1,ss,ip-login-date-01,1,2,3,4,5,6,7,8,9,1,2,3
1,ww,ip-login-date-02,1,3,4,5,6,7,8,9,1,2,3,4
1,gg,ip-login-date-03,6,7,8,9,1,2,3,4,5,6,7,8

i wanted the output as

a,b,server,c,d,e,f,g,h,i,j,k,l,m,n
1,ss-ww-gg,ip-login-date,8,12,15,18,12,15,18,21,15,9,12,15

first column as it is
second column appending all those names separated with -
server name without sequence number i.e 01,02,03
remaining columns - sum
eg:

ip-login-date-01,1,2
ip-login-date-02,1,3
ip-login-date-03,6,7

6+1+1 = 8 in 4th column
7+3+2 = 12 in 5th column ....... and redirect output to k.csv

So,

  • What have you tried so far?
  • What error, messages or output are you getting?
  • What Operating System and version are you running?
  • What are your preferred tools?

Most importantly, what have you tried so far?
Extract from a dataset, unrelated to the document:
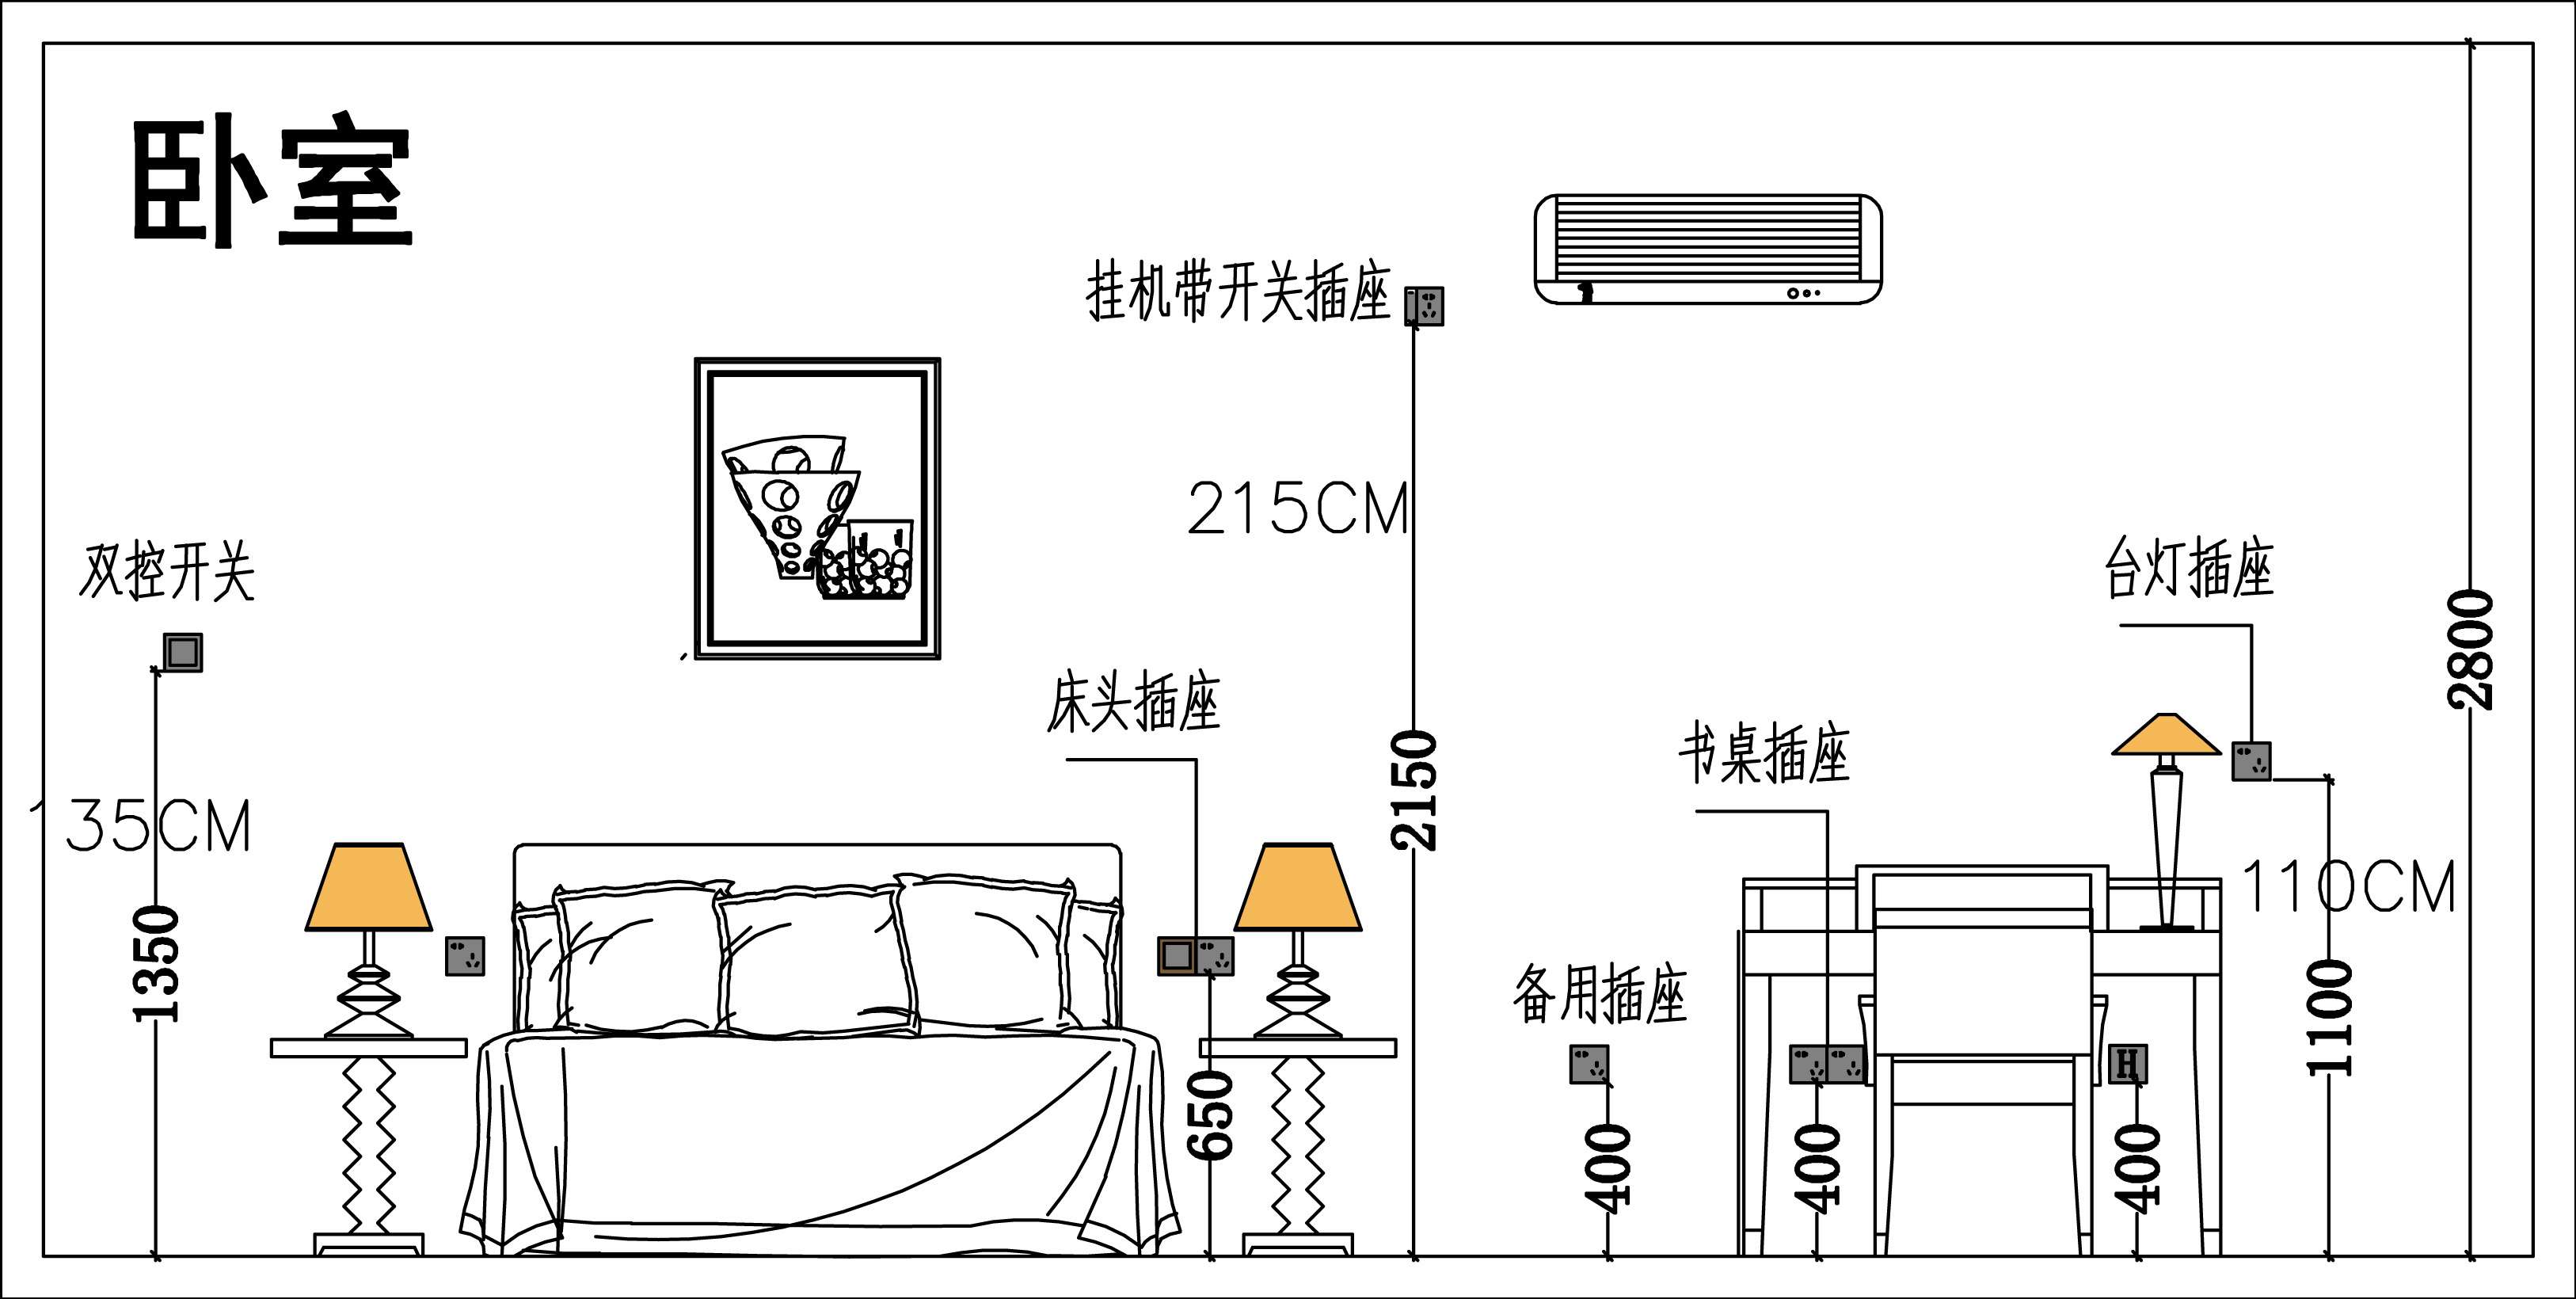 桂林设计师李游 的想法: 装修干货 全屋插座布置及高度图

It's better for you if you research, have a go and then ask for suggestions so that you learn and everyone else can see your thinking. That might help someone else out in future.

Regards,
Robin

Hi,

I posted in this site after working a lot on this file.But i forgot to post wat i have tried.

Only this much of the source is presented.